Re: Book preview: Theory of Nothing

From: David Pearce <>
Date: Mon, 29 Aug 2005 12:45:01 +0100

May I just make some comments on one particular claim in Russell's
Theory of Nothing:
"Self-awareness is a necessary feature of consciousness"
This would be extremely important if true; but there are problems....

1. Each night we go psychotic in our dreams. Rare lucid dreams aside,
the reason we don't realise we are only dreaming is precisely because
of our absence of self-awareness or critical self-insight. The
relevant module of the brain has effectively shut down. Yet it would
be misleading to call dreams "non-conscious"? Some dreams e.g.
nightmares, can be intense and frightening while they last.

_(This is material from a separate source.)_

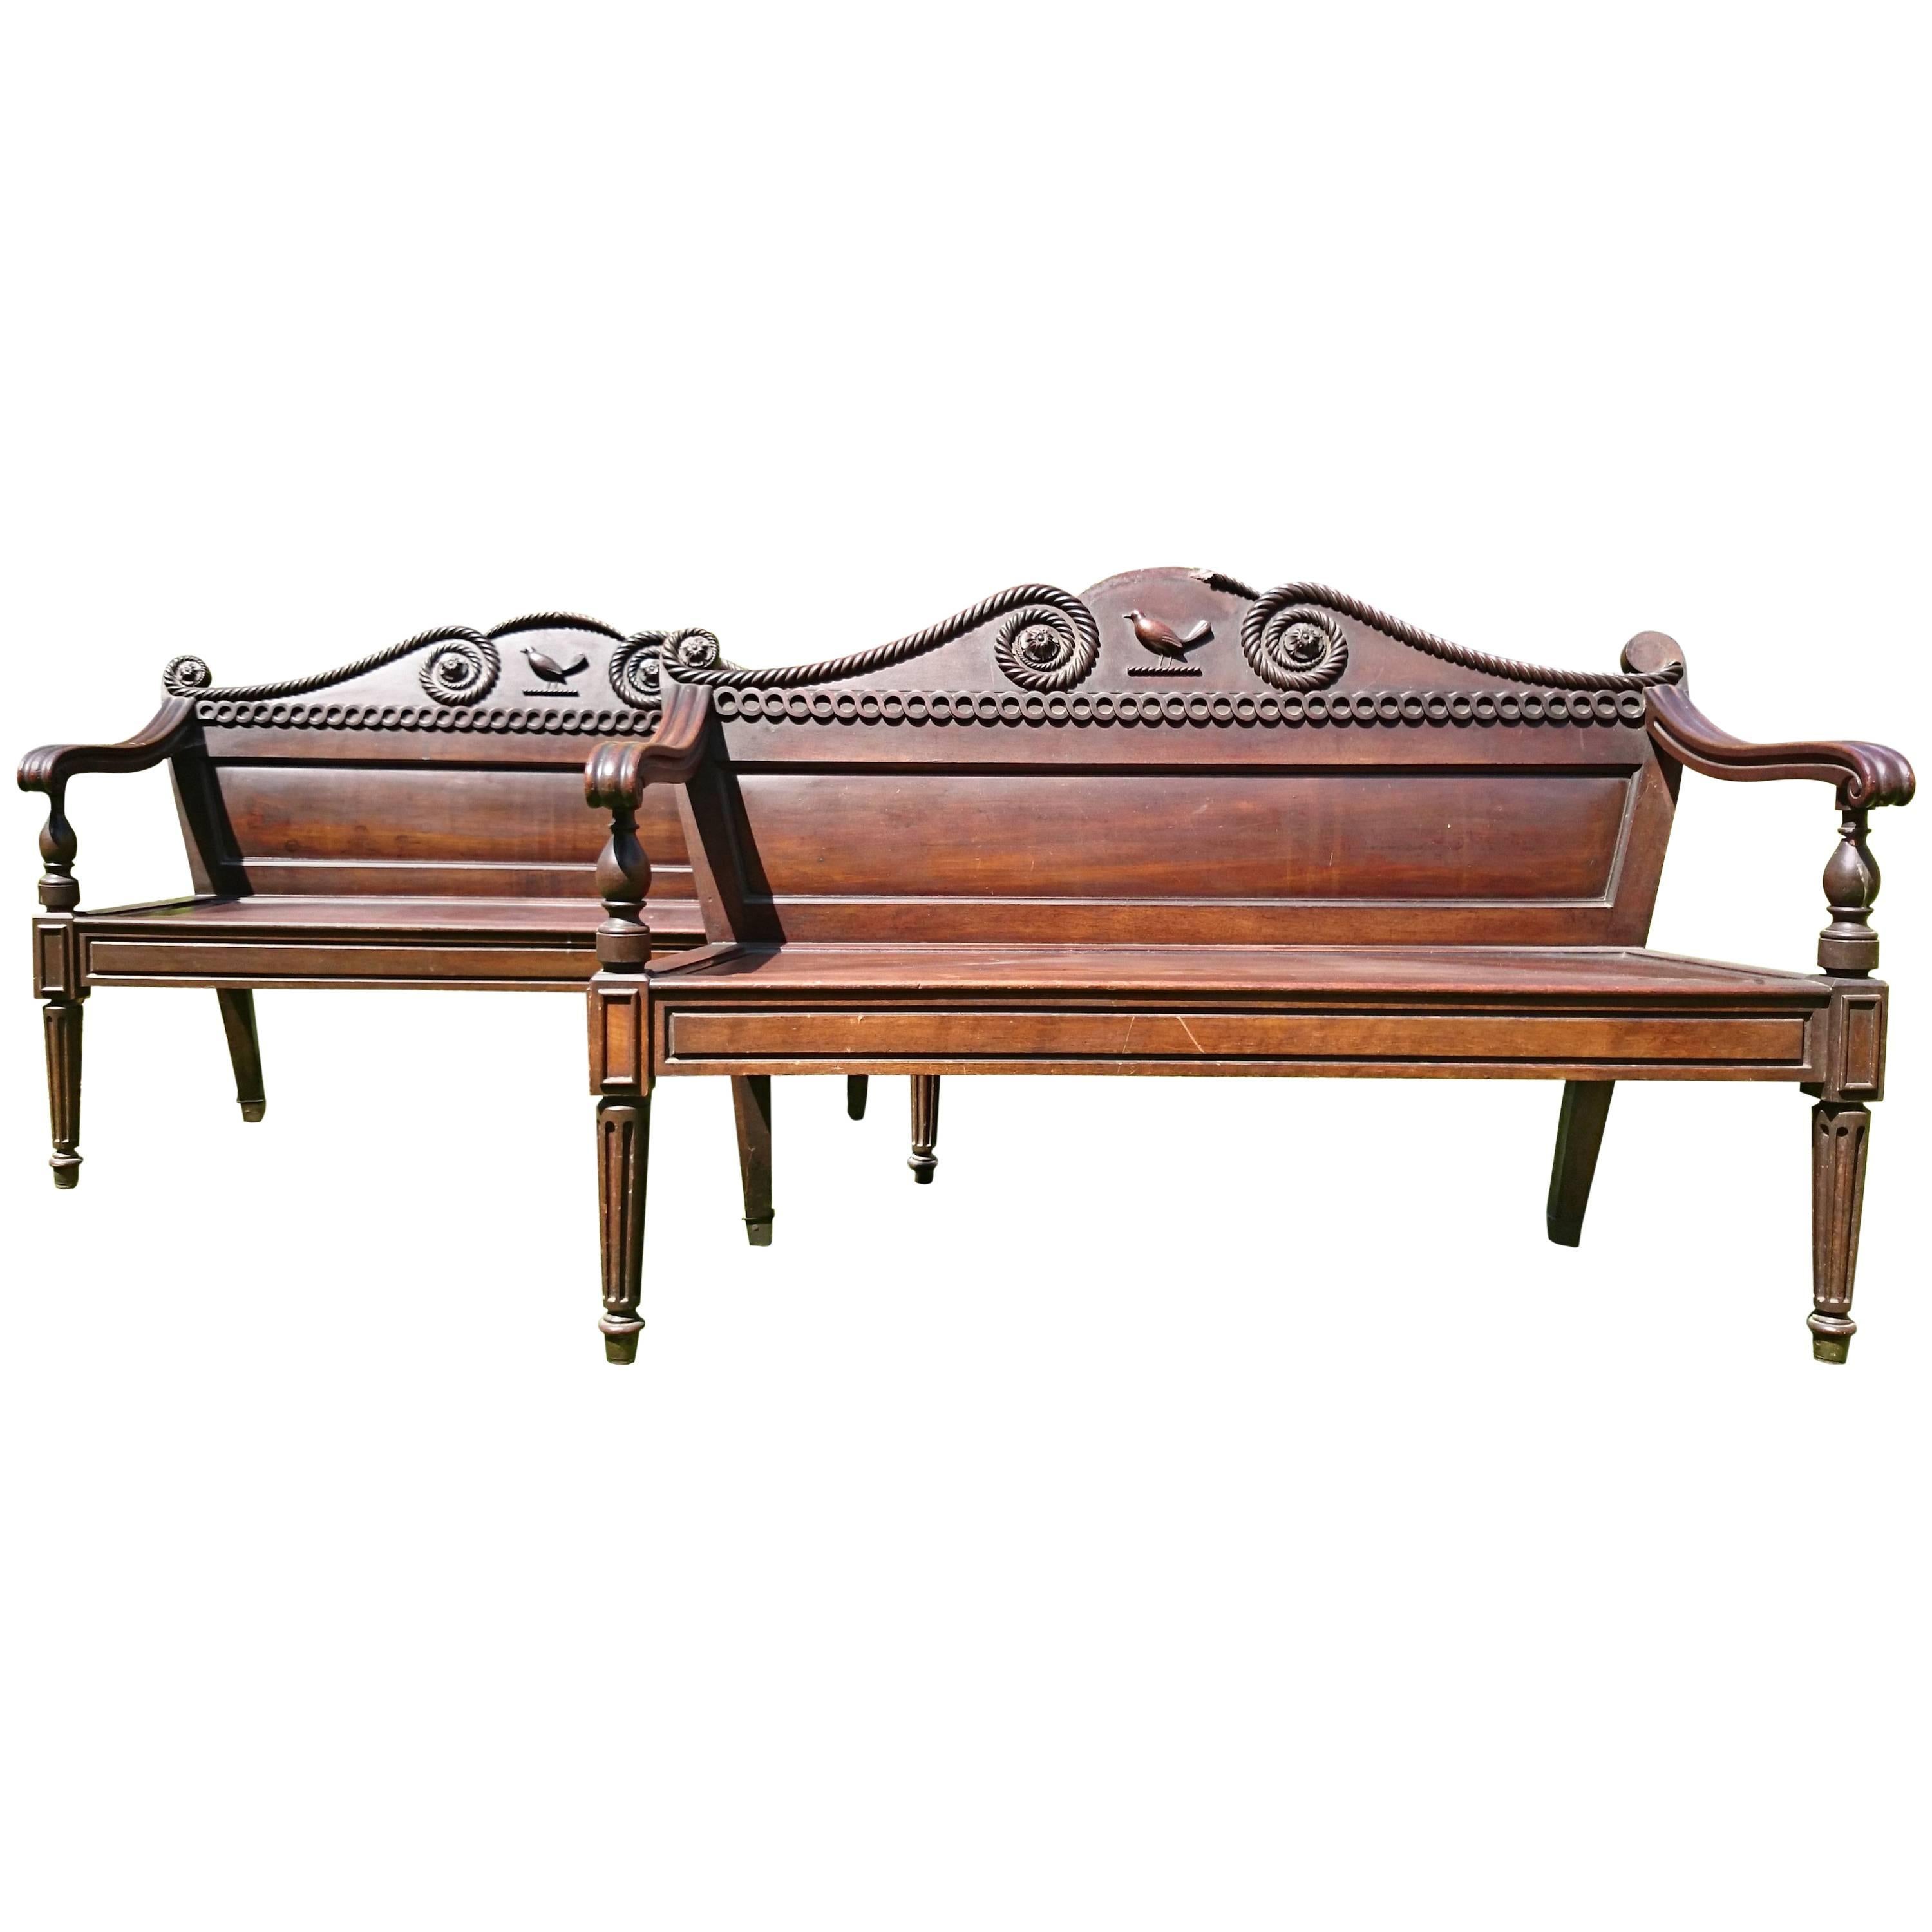 Rochfort Benches, Pair Irish Regency Mahogany Benches Original Family Owner For Sale

2. More seriously, the idea that self-awareness is a necessary
feature of consciousness has profound implications for the moral
status of babies, the severely mentally handicapped - and most
non-human animals. Clearly, they don't have a sophisticated sense of
self. Arguably they lack all self-awareness. But surely, if they have
nociceptors and a central nervous system, then they do feel pain -
sometimes intensely?

Tellingly, perhaps, our most intense experiences - e.g. extreme
agony, orgasm, blind panic, etc - are marked by an absence of
self-consciousness. Conversely, some of our most sophisticated forms
of self-awareness have a very subtle phenomenology indeed [e.g
examples so called "higher-order intentionality" - I think that she
hopes that he believes that I want...etc etc]
Generalizing to other creatures with central nervous systems, one may
be sceptical that whales, say, are very intelligent. They may or may
not possess rudimentary self-awareness. But it's at least possible
that they experience pain more intensely than we do - their "pain
centers" are larger for a start.
Self-awareness may be intimately linked to intelligence; but it's not
clear (to me at least) that consciousness per se is linked to
intelligence at all.

3. Also, I think it may be premature (re Russell's comment in ToN on
Susan Greenfield) to say that the notion of levels of consciousness
is devoid of meaning.
Yes, there is an absolute "binary" distinction between consciousness
and non-consciousness.
But this absolute distinction doesn't entail that the idea of degrees
of consciousness itself is meaningless. Thus pain can be mild,
moderate or intense. One can be dimly self-aware or acutely
self-aware. And there are even cases of awareness even while under
surgical general anesthesia - though fortunately they are quite rare.

Apologies if I've misunderstood the argument here.